Mais il est resté méfiant. “Ce qui ne me tue pas me rend plus fort,” il a écrit, citant le philosophe Friedrich Nietzsche. Lorsque des lecteurs, inquiets pour sa sécurité, l’ont exhorté à quitter le pays, il a cité une ligne de V pour Vendetta. “Si tous ceux qui osent résister s’enfuient, ils gagneraient”, a-t-il répondu.
Ce jour-là, début mai 2021, il a partagé 97 ebooks, dont celui de l’historien Charles Tilly Démocratie et de George Orwell 1984. Ce serait son dernier message.
« C’est un guerrier qui a choisi de ne pas partir et est resté en Chine pour mener un bon combat », a déclaré Yaxue Cao, rédacteur en chef de ChinaChange.org, un site Web qui couvre la société civile et les droits de l’homme en Chine, à VICE World News.

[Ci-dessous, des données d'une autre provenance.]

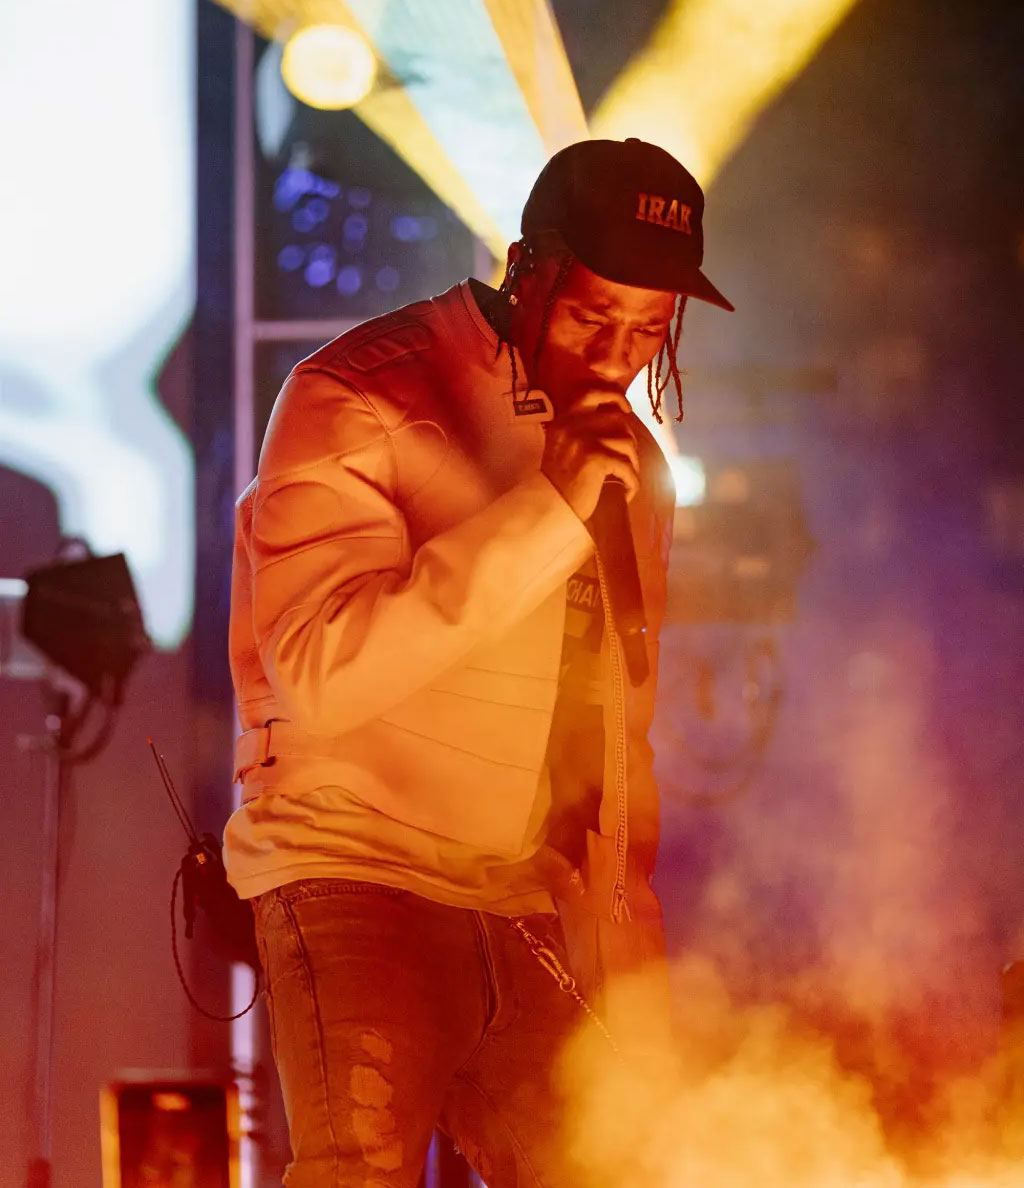 Travis Scott performing poolside at the Fontainebleau Miami Beach

China Digital Times, un site d’information qui suit la censure en Chine, a sélectionné Program Think comme sa personnalité de l’année 2021 après sa disparition.
“Comme beaucoup de ses lecteurs, j’admire sa compétence technologique, sa capacité intellectuelle et son courage moral, et je l’ai vu devenir une figure légendaire et un symbole de résistance”, a déclaré Xiao Qiang, fondateur du site et chercheur à l’UC Berkeley’s School of Informations en Californie.
Les autorités n’ont pas révélé comment elles avaient retrouvé Ruan, mais au cours des deux années de silence qui ont suivi, les partisans de Program Think ont désespérément essayé de comprendre ce qui lui était arrivé.
En recoupant différentes bases de données divulguées, un utilisateur de médias sociaux a pu retracer le compte Gmail public de Program Think à un e-mail d’entreprise autrefois utilisé par Ruan. C’est peut-être ainsi que les autorités l’ont trouvé, a déclaré l’utilisateur des médias sociaux à VICE World News, s’exprimant de manière anonyme pour éviter les représailles du gouvernement.
“Après tout, si une personne ordinaire comme moi a pu le localiser, la police a dû également essayer différentes méthodes”, ont-ils déclaré. L’utilisateur anonyme a publié ses conclusions il y a un an dans l’espoir que Ruan ne serait pas jugé en secret, mais cela n’a pas attiré beaucoup d’attention au milieu d’un essaim de spéculations sauvages en ligne sur l’affaire.
« C’est trop difficile pour un homme de s’opposer à tout un système. Rares sont ceux qui ont un tel courage.
Après Après l’arrestation de Ruan, Bei ne l’a revu que près de deux ans plus tard, lorsqu’elle a pu assister à sa condamnation au tribunal.
Bei a embauché trois lots différents d’avocats pour représenter Ruan. Tous ont gardé leurs lèvres fermées sur le cas de son mari, citant des accords de non-divulgation qu’ils devaient signer, a-t-elle déclaré. On ne lui a même pas dit quand le procès, interrompu par la pandémie, a repris en février. Elle a reçu un préavis si court concernant sa condamnation qu’elle était le seul membre de sa famille à pouvoir assister à son audience devant le tribunal intermédiaire n° 2 de Shanghai le 10 février.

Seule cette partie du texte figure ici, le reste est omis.